Kuzey Kürdistan’da AKP çetelerine karşı tarihi bir direnişi sergileyen halkımızı Maxmur ve Kerkük’teki gerilla güçlerimiz adına saygıyla selamlıyor, direnişlerini kutluyorum. Bu direnişte şehit düşenlerin anıları önünde saygıyla eğiliyor, yaralılarımıza acil şifalar diliyorum. Bu direnişler şu anlama geliyor: Halkımız devletle yaşamak istemiyor. Demokratik özerklik ilanı bu anlama geliyor. Sergilenen direniş bu anlama geliyor. Halkımız katliam ve soykırım sistemini kabul etmiyor, bu sisteme karşı direniyor. Doğru olan da budur.

YPS İLANLARI DEVAM EDECEKTİR

İlk kez halkımız devlete karşı sokak sokak, ev ev, il il, ilçe ilçe direniyor. Bu çok önemli bir gelişmedir. YPS ve YPS- JİN ilanları çok önemlidir, selamlıyoruz. Bu ilanların Kürdistan’ın bütün il ve ilçelerinde gelişeceğine inanıyorum. Çünkü Kürdistan halkı kendi öz yönetimiyle kendi öz gücüyle yaşamak ve kendi kendisini yönetmek istiyor.

GÜNEYLİ GENÇLERİMİZ ULUSAL BİR TAVIR SERGİLEDİ

YPS ve YPS-JİN öncülüğünde önemli bir direniş var. Güney Kürdistanlı gençler de kuzey direnişine katılmak istediklerini deklere ediyorlar. Güney Kürdistanlı gençlerin bu tutumu ne anlama geliyor sizce?

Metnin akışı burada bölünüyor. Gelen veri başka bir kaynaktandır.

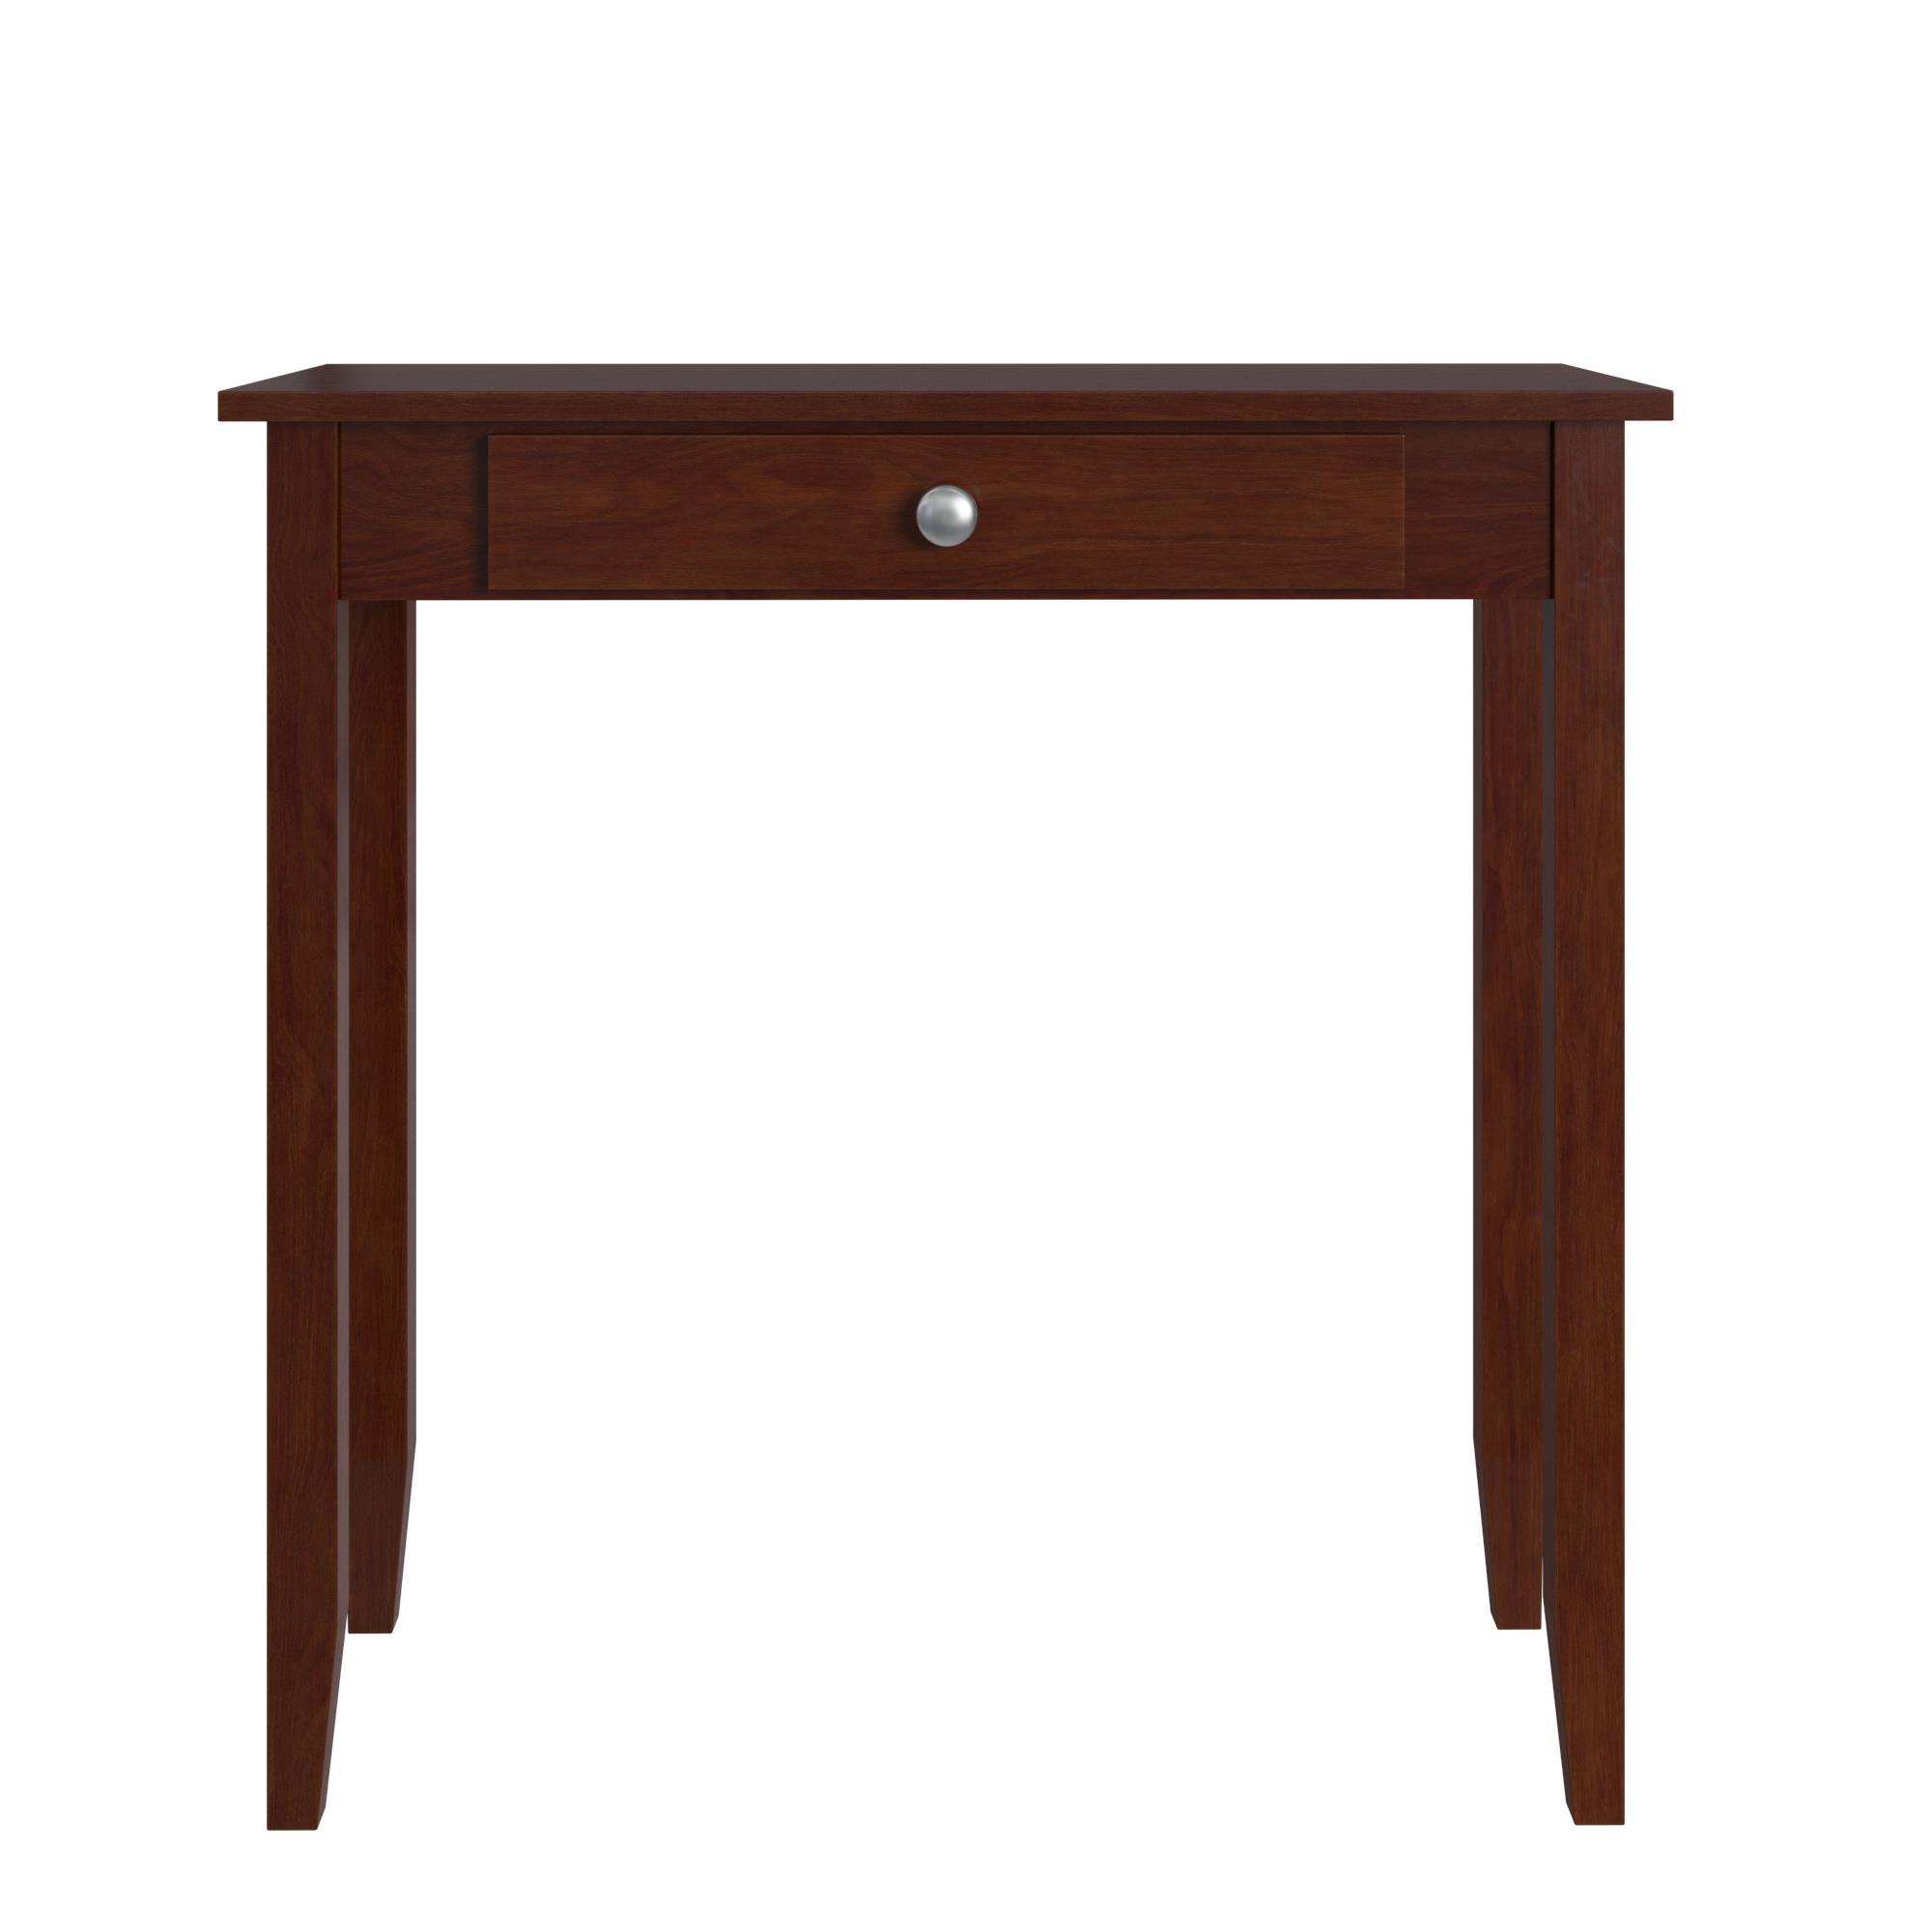 DHP Rosewood Console Table, Medium Coffee - image 1 of 8
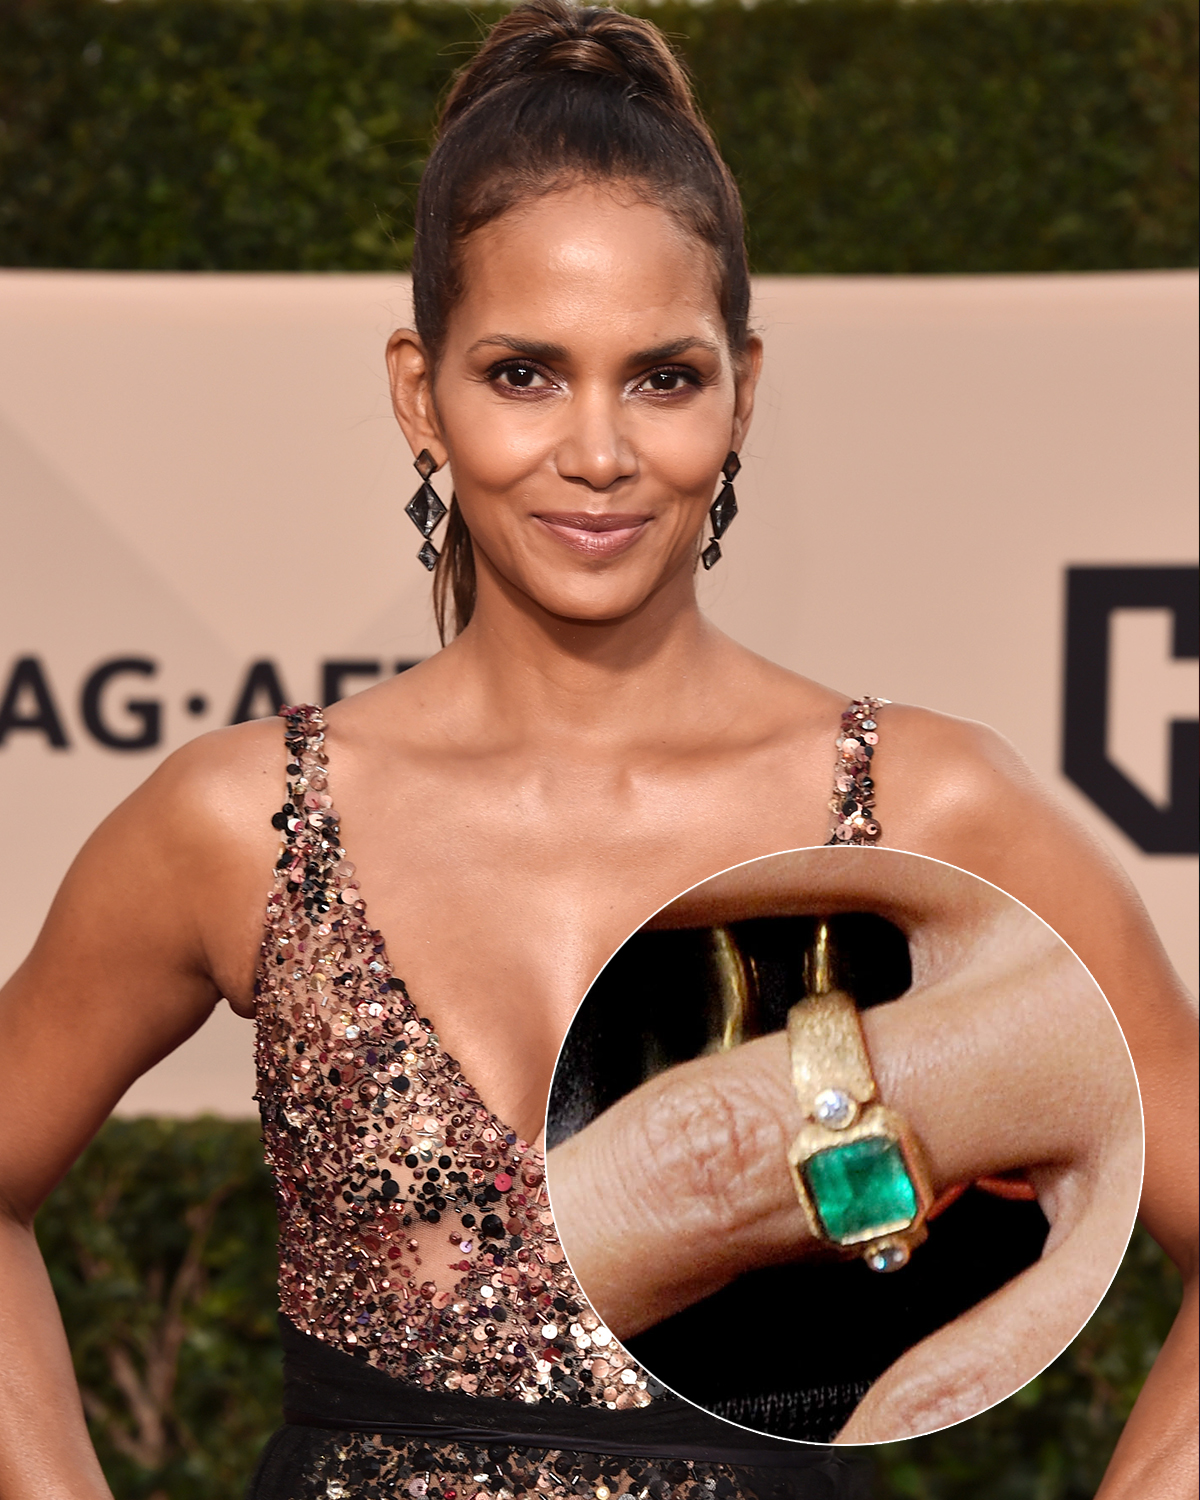 Halle Berry engagement ring.

Güney Kürdistan gençlerinin açıklamaları çok yerinde ve ulusal bir tavırdır. Ben buna benzer desteklerin her yerde gelişeceğine inanıyorum, Kürdistan gençliğinden beklentimiz bu temeldedir. Nasıl ki Kobane direnişinde halkımız tek yürek olmuşsa, bu gün de Kuzey Kürdistan için tek yürek olmamız gerekiyor. Bu temelde dört parça Kürdistan’daki, yurtdışındaki halkımızın ve Kürt gençliğinin, her yerde halkımızın bu görkemli direnişinde yer alması gerekiyor. Herkesi YPS ve YPS-JIN saflarına katılmaya davet ediyorum.